== GIVEN DATA
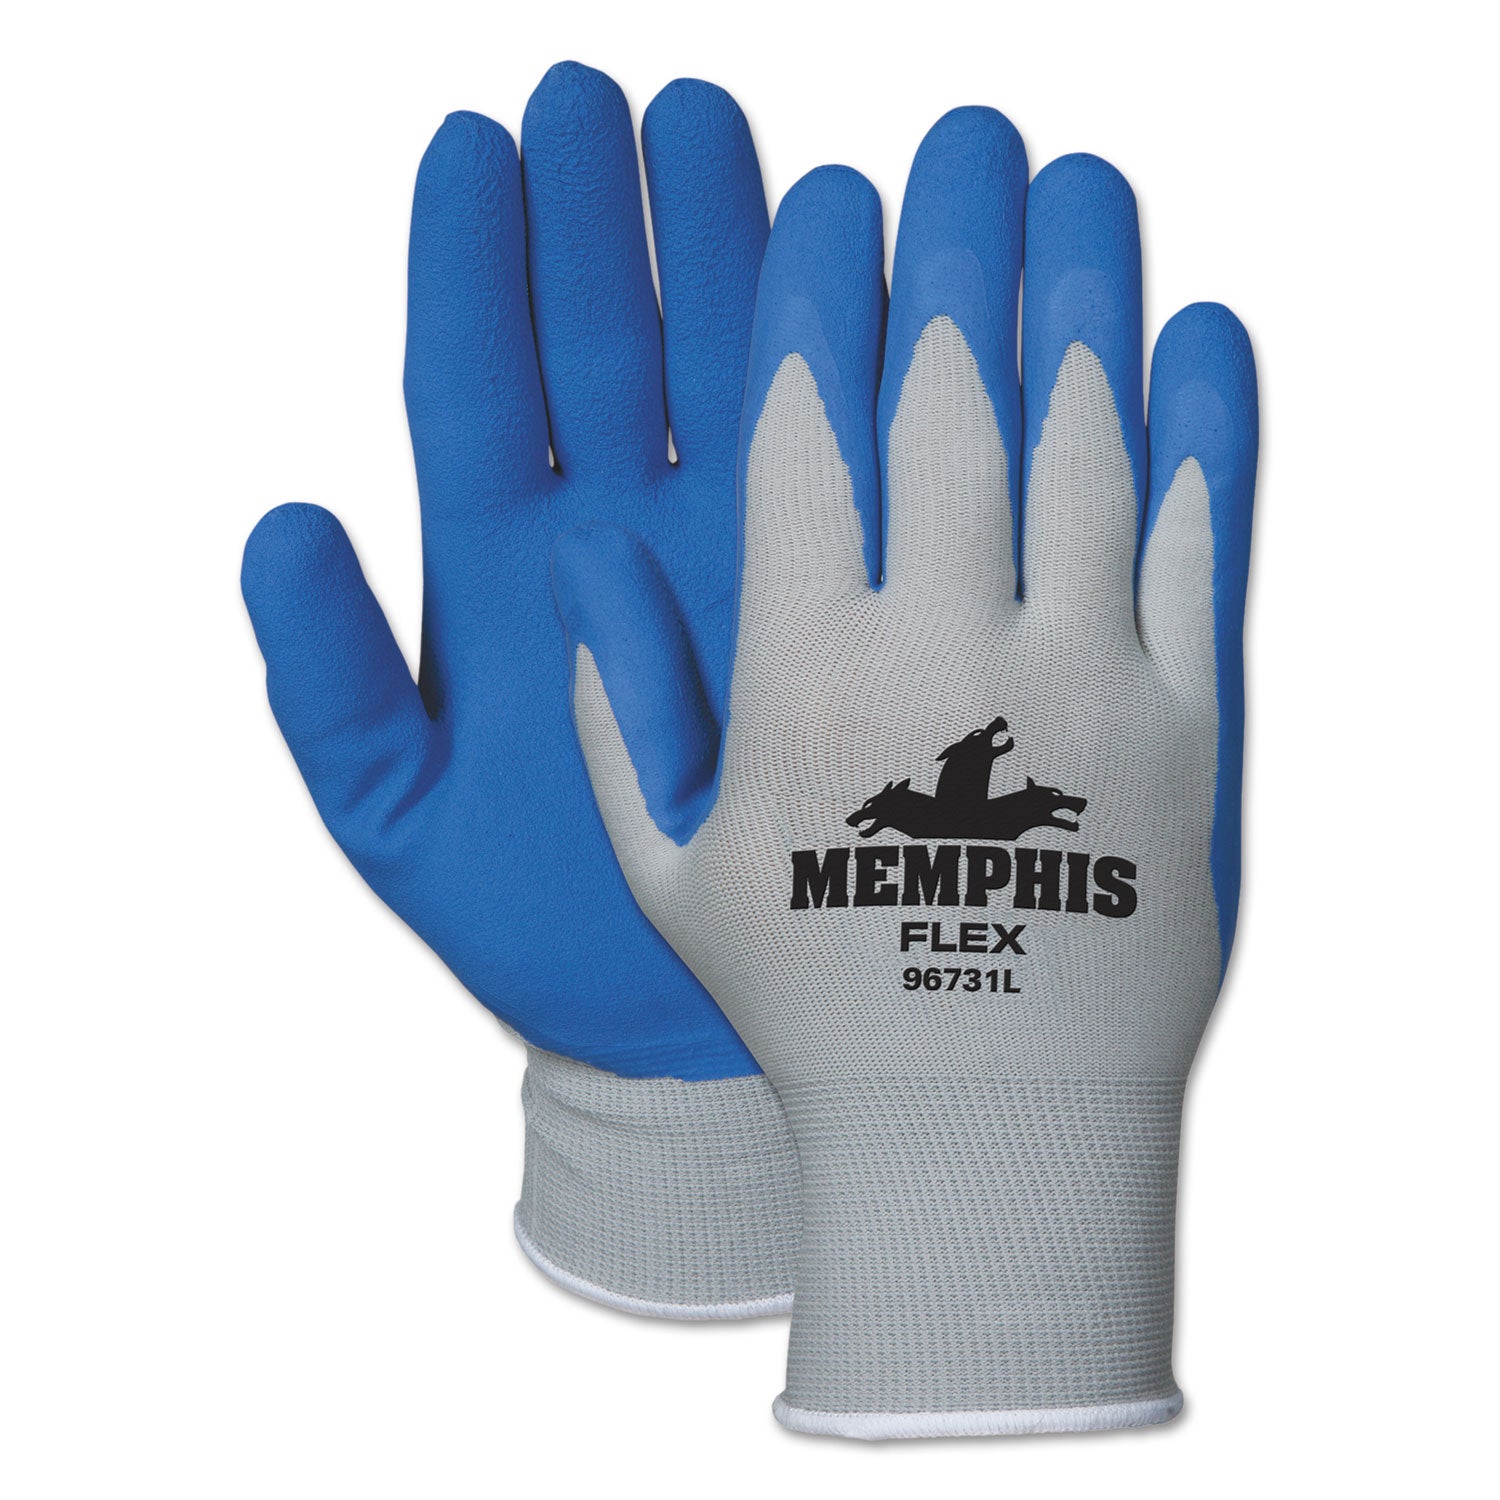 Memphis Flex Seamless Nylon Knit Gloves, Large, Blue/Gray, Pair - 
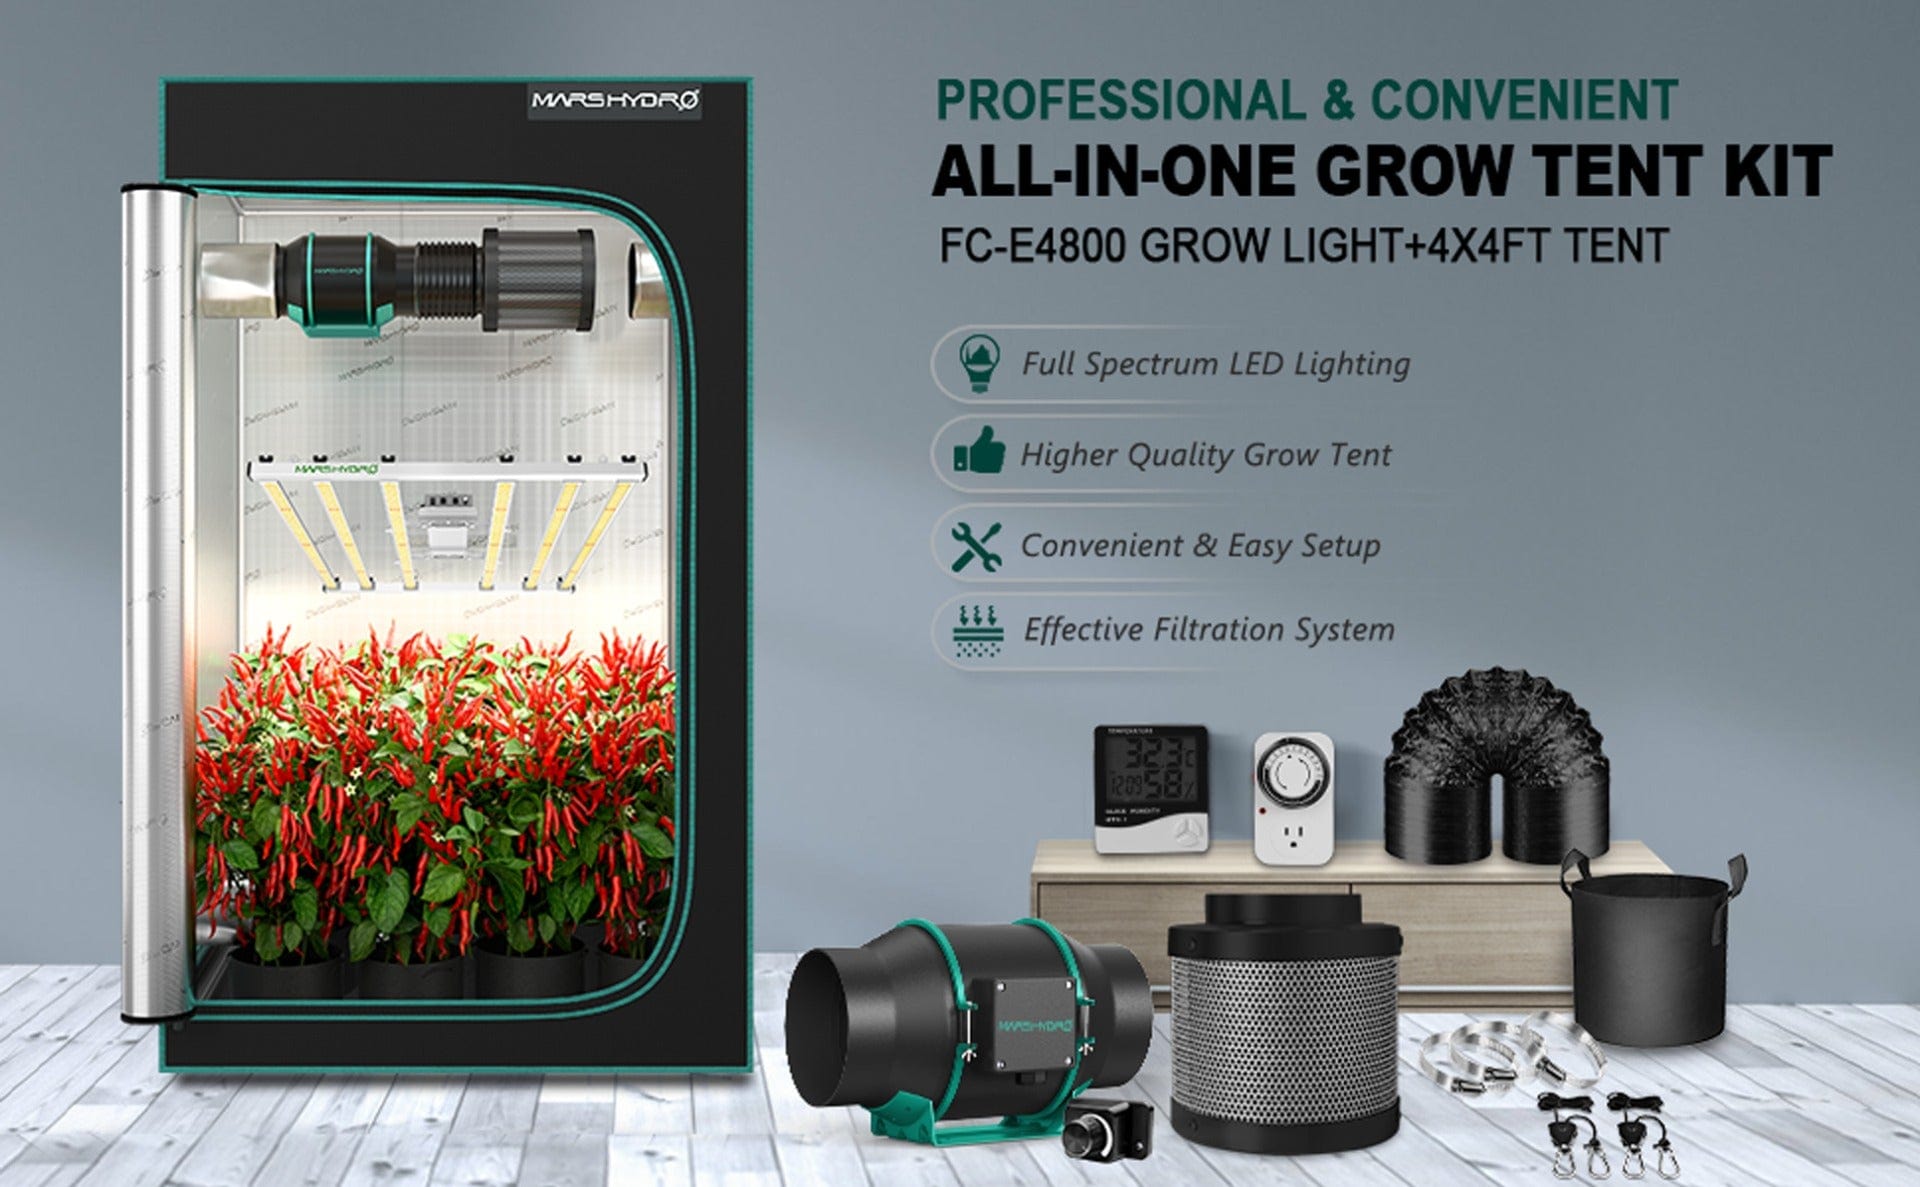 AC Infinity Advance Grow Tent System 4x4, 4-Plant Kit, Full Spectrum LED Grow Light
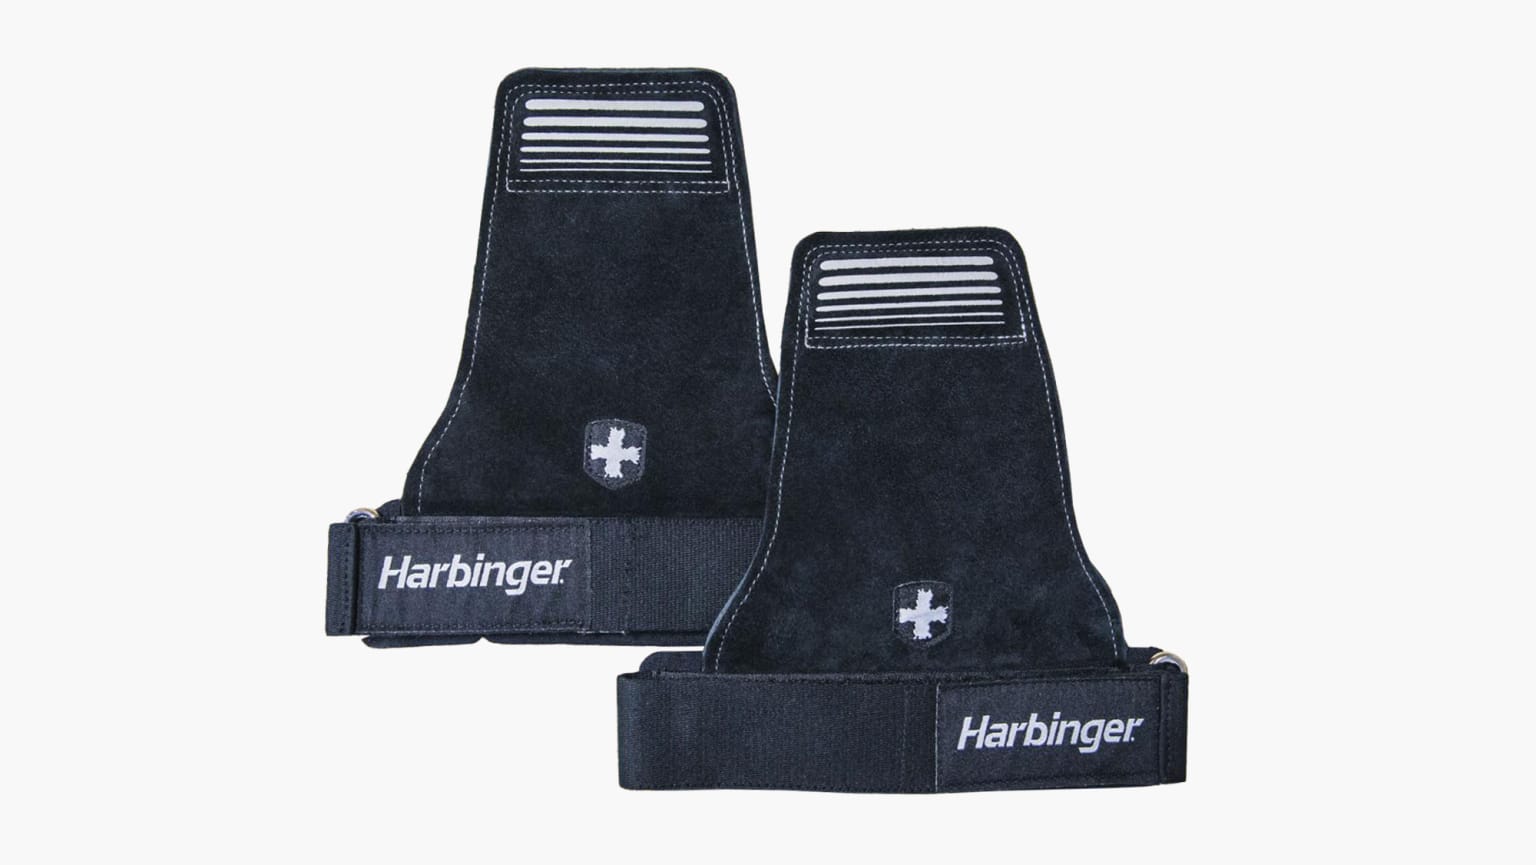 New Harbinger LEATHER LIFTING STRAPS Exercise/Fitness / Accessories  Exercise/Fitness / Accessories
====
▶ **YOUR INSTRUCTIONS**: Leave the pictures out. Output exactly, and only, the lines from the one with "AC Infinity Advance" through the last line of the listing above, both included.

▶ **WRITTEN REPLY**:
 AC Infinity Advance Grow Tent System 4x4, 4-Plant Kit, Full Spectrum LED Grow Light
 New Harbinger LEATHER LIFTING STRAPS Exercise/Fitness / Accessories  Exercise/Fitness / Accessories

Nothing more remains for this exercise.